House members this week met their third-reading deadline for measures in their chamber of origin. We spent more than 14 hours on the floor on Tuesday and a total of about 38 hours over the course of the four legislative days we were in session. We considered almost 250 bills this week.

We started the session with 1,988 House bills, joint resolutions and concurrent resolutions; 503 of those made it through the committee gauntlet; 425 of those were considered on the House floor; and 416 advanced to the state Senate.

I haven’t received the final numbers from the Senate yet, but we’ll likely receive about that many bills from that side of the Capitol to consider before our next deadline. 

For those who watched any part of the floor proceedings this past week, you saw a well-oiled machine at times, passing legislation almost faster than our clerks could record it. At other times, we crawled through hours of questions and debate on controversial bills. At times, the process was messy and fraught with procedural wrangling. At a few points, we descended into downright nastiness as politics reared an ugly head. Thankfully, decorum was restored quickly.

As I’ve stated before, these deadline weeks are the most exhausting of the legislative process. They’re important. They give the authors of legislation the opportunity to explain what their measures do and the intent behind them – in essence, what problem they are trying to solve and for whom. They give other lawmakers the opportunity to get questions answered for themselves or their constituents back home.  Sometimes, this process delivers good and bad political theater. We got a little bit of all of it over the course of the past week. I can’t say I’m sorry this deadline is passed.

Now, we take a brief pause while staff on both sides of the rotunda works to get legislation to the opposite chamber. 
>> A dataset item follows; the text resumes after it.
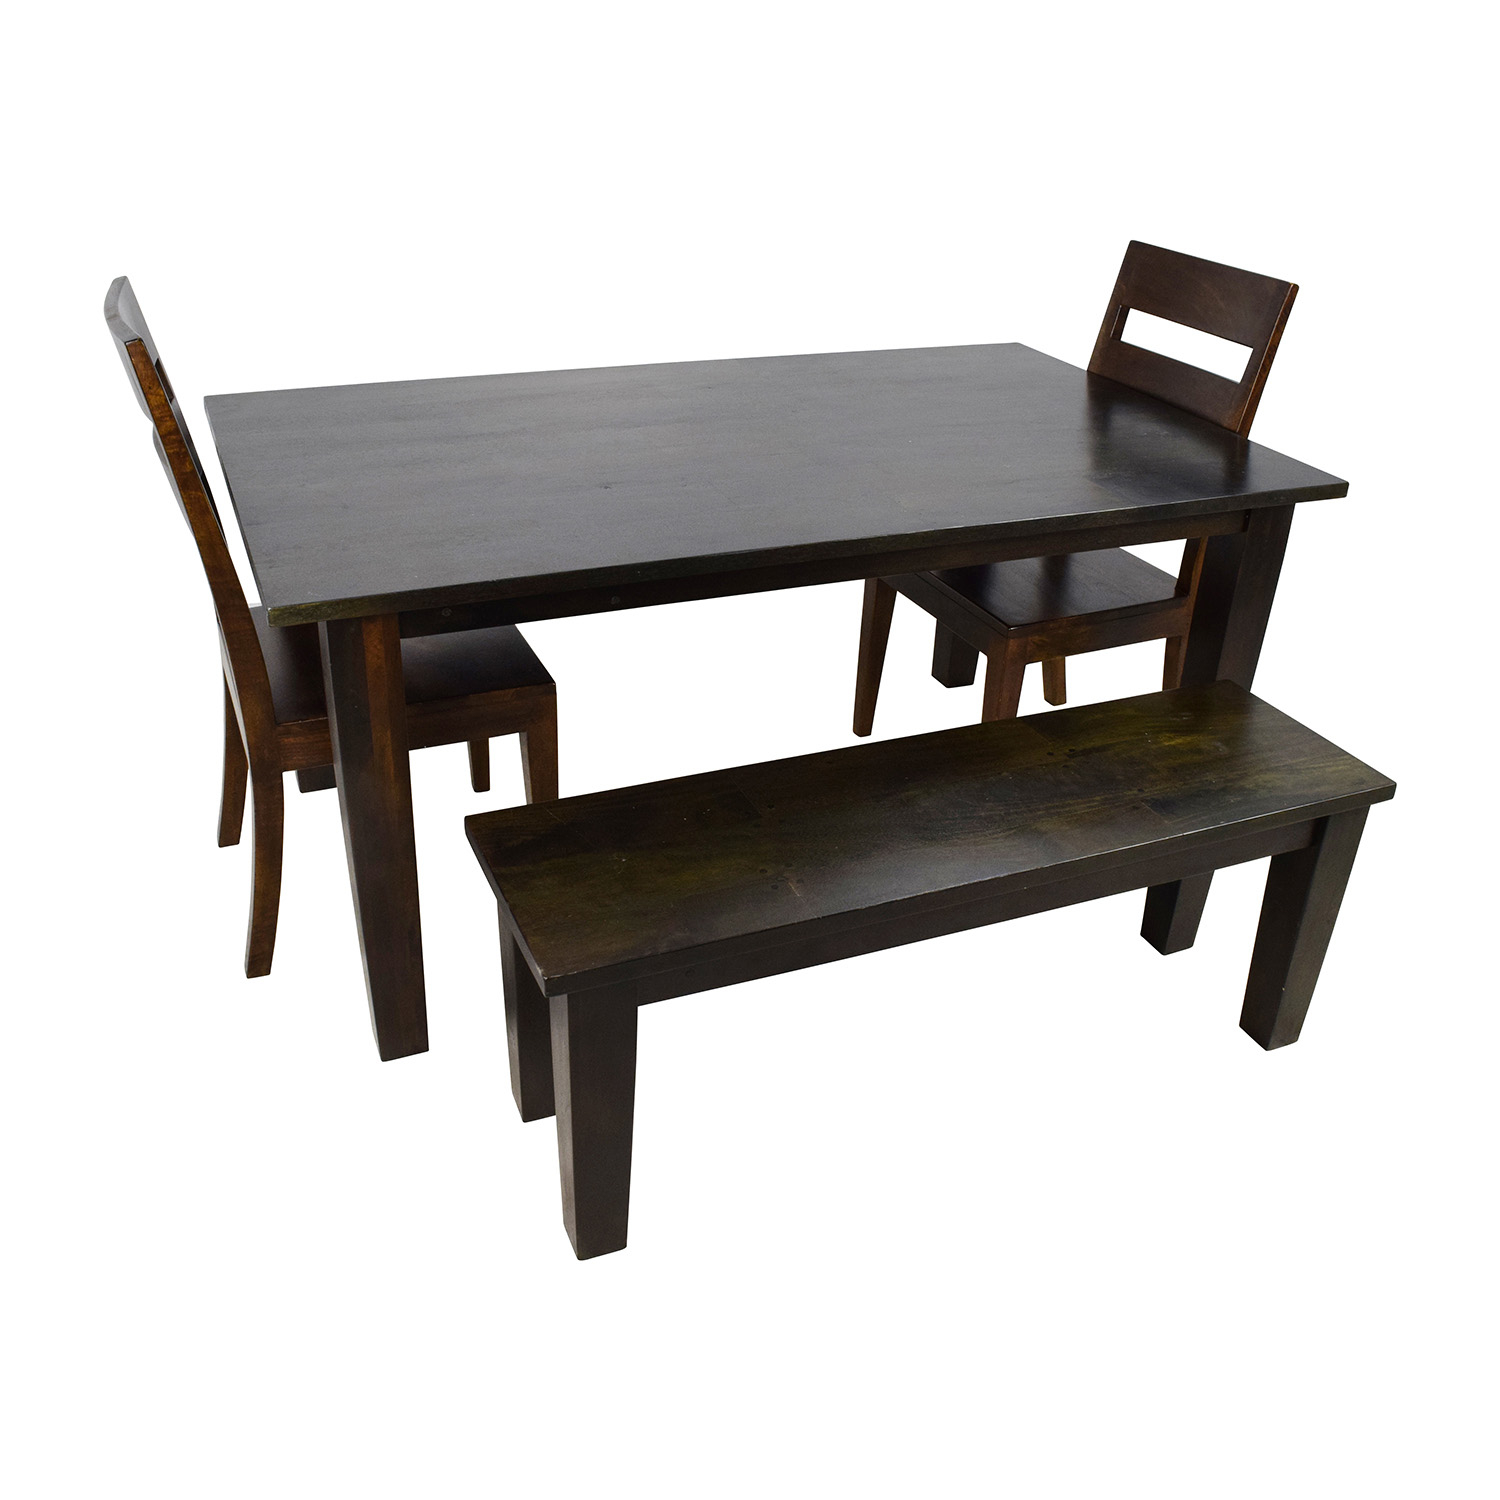 54 Off Crate Barrel Crate Barrel Basque Java Dining Table Set Tables intended for proportions 1500 X 1500

After the bills arrive in the House from the Senate, committee work will restart. We have until March 29 to consider Senate measures in our Appropriations and Budget subcommittees. We have until April 8 to pass Senate legislation out of our standing committees and until April 16 for our full A&B committee. Then we’ll have until April 22 to consider Senate bills on the House floor. 

All the while, the winnowing process continues. I’m betting about 400 to 500 measures actually make it all the way through the process and get signed into law. Then we’ll have the interim as we prepare for the next session.